Santa Barbara County leaders support bill to combat gun violence

With the tragic events of Isla Vista still fresh in their minds, Santa Barbara County supervisors decided Tuesday to support a proposed state bill in the fight against gun violence.

The board voted 4-0 in favor of Assembly Bill 1014. Chairman Steve Lavagnino abstained from voting.

The board had several options. They could have opposed it, elected to watch it, or taken no advocacy position whatsoever, but the board decided to be a voice of support for stricter gun legislation.

Six people were killed and another seven were injured when Elliot Rodger went on a violent rampage in Isla Vista on May 23.

Just five weeks after the mass murders happened in their own backyard, county leaders approved a bill that gives law enforcement a tool to deal with people who pose a risk to themselves or others by having access to a gun.

"This kind of temporary restraining order and the processes that have been built into this law make sense to me as a district attorney," said Santa Barbara County District Attorney Joyce Dudley. "And I think you should strongly support it."

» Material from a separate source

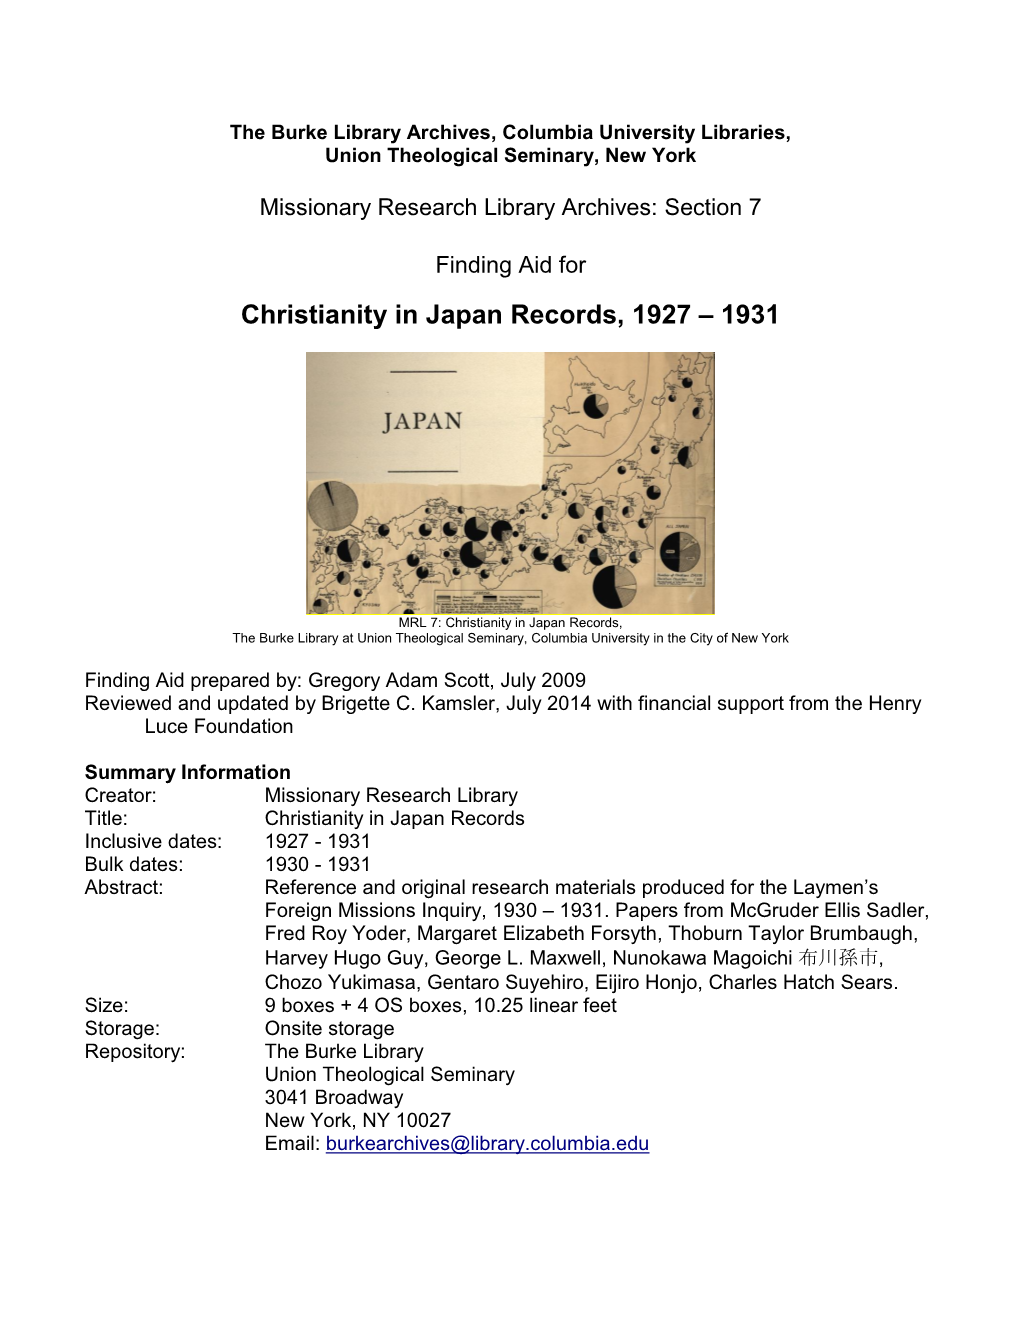 Christianity in Japan Records, 1927 – 1931

"The authorities have to have the way to deal with people that, they don't have today to be able to take those arms out of the hands of the people that shouldn't have them," said Santa Barbara County Supervisor Peter Adam.

We spoke with some people who live in Santa Maria about how they feel about the bill.

"There should be more open conversations about gun legislation," said county resident Chris Hume. "Especially gun violence, and how to limit that in our community. Any kind of conversation about how to limit gun violence in general is probably a better thing."

"Everyone has the right to bear arms," said county resident Katherine Favorite. "And I do believe strongly that if that law is passed, it's a good thing. Because people that don't have the responsibility or the mental capacity to own a gun or use it responsibly shouldn't have one."

Chairman Lavagnino was the only person who abstained from voting. He said it's a well-intentioned bill, but it also could be abused and it's "inherently dangerous" to try to take someone's weapons away from them.

A letter will go to the authors of the bill, Das Williams and Nancy Skinner. The letter then could be used to generate more support for the bill.

Assembly Bill 1014 passed out of the public safety policy committee in the state senate last week and has been moved over to appropriations. The bill's next stop after that would be the Senate floor.